Tuesday, 24 April 2018

Running CUDA samples with Visual Studio 2017

I've been installing the CUDA drivers on a Windows 10 box with Visual Studio 2017, and trying to get the CUDA samples to compile. Although solution files are provided for VS2017 (among other VSs), you will get something similar to the following error when you attempt to compile:
error MSB8036: The Windows SDK version 10.0.15063.0 was not found. Install the required version of Windows SDK or change the SDK version in the project property pages or by right-clicking the solution and selecting "Retarget solution".
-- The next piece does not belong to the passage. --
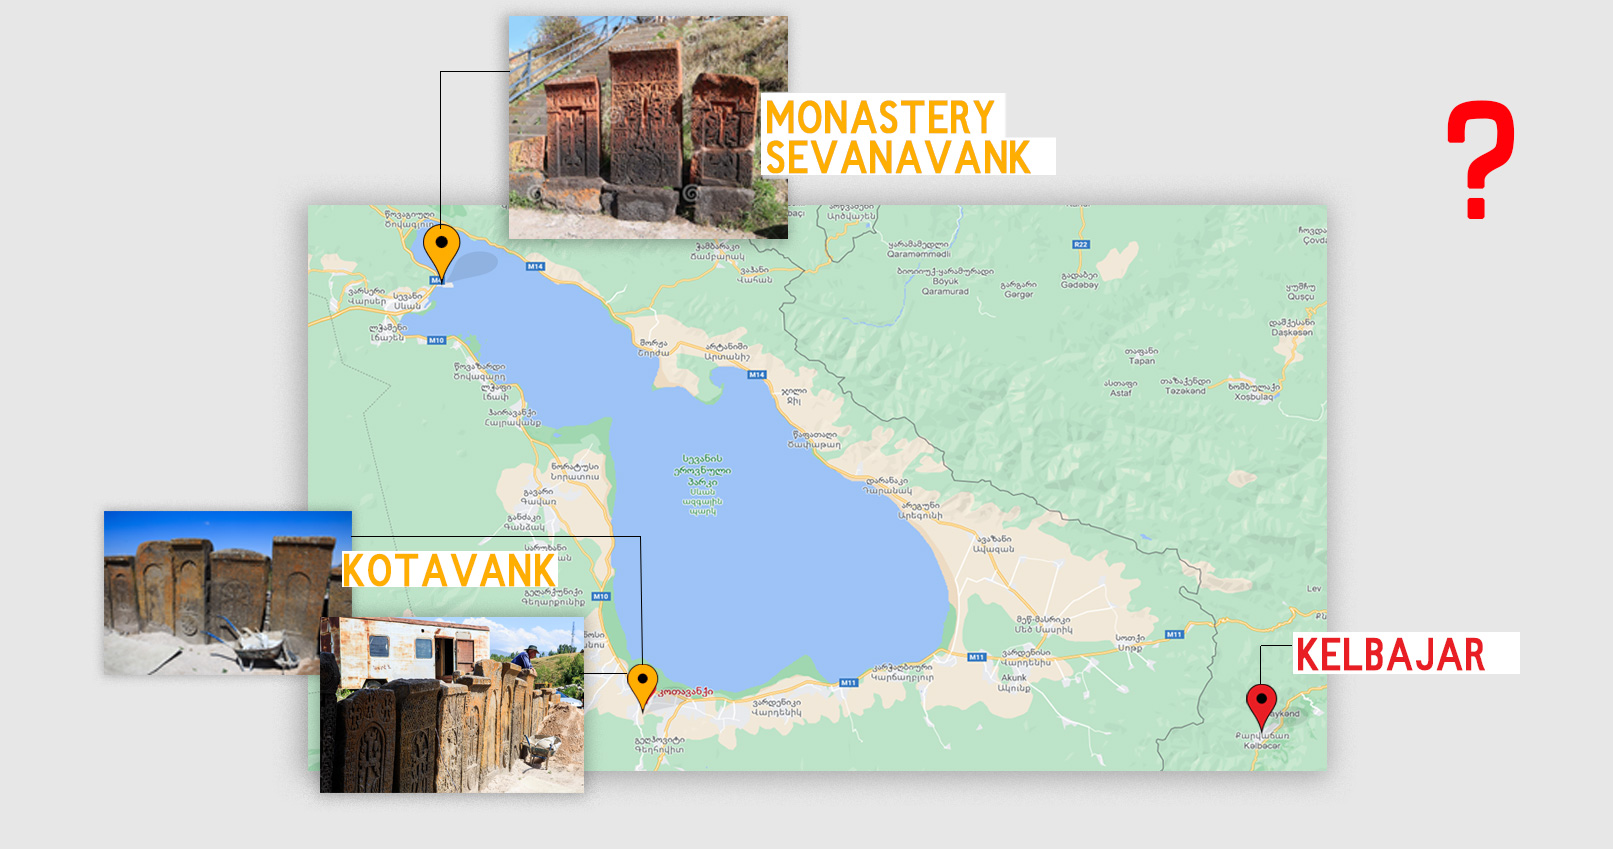 Where were the photos of the cemetery taken – at Sevan, near Kotavank or Kalbajar district controlled by Azerbaijan?

Right-clicking on the solution and retargeting gets you a bit further:
fatal error C1189: #error:  -- unsupported Microsoft Visual Studio version! Only the versions 2012, 2013, 2015 and 2017 are supported!
...which is funny, because I am using VS2017. If you dig into it, it's the specific version that's the problem, and there doesn't seem to be an easy fix.

However, a nice feature (finally!) of VS2017 is that you can optionally install other compiler toolchains. If you rerun your VS2017 Installer, and find the Modify option (under More), you will see a whole bunch of extra features you can install under "Individual components". The one of interest here is "VC++ 2015.3 v140 toolset for desktop". Once installed, you can instead open the Visual Studio 2015 solutions, and the good news is that these successfully compile.

Saturday, 14 April 2018

Generating multiple SMILES

While sometimes presented as a negative, the ability to generate multiple SMILES strings for the same molecule can also be a positive, particularly when you want to avoid bias (e.g. machine learning from SMILES - see here and here) or check that an algorithm is atom-order invariant.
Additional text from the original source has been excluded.